Exercise brief
Using the entries below, copy out all lines where "Vector" is found.

──────

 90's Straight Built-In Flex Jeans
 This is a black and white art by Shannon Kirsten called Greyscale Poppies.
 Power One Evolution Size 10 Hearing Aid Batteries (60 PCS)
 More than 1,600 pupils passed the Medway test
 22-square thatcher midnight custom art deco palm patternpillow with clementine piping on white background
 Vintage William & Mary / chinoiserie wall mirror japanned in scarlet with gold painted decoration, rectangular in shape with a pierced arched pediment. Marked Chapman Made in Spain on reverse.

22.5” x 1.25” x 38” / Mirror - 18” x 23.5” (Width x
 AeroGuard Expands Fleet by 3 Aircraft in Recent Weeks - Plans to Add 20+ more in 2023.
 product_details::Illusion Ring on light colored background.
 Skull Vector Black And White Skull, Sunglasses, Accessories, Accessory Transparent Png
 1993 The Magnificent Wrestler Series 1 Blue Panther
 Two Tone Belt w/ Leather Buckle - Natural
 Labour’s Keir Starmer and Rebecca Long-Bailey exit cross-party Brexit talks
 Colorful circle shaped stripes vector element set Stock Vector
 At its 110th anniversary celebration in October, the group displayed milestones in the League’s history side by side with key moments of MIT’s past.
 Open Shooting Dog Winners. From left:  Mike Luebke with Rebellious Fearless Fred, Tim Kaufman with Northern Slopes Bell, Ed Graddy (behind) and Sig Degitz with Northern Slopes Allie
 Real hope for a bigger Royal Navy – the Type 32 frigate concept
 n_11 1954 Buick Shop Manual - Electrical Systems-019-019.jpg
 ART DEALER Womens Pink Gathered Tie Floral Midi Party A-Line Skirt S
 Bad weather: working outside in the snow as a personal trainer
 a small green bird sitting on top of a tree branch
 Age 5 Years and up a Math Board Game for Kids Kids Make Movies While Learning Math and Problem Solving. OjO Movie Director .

──────

Response to the exercise
 Skull Vector Black And White Skull, Sunglasses, Accessories, Accessory Transparent Png
 Colorful circle shaped stripes vector element set Stock Vector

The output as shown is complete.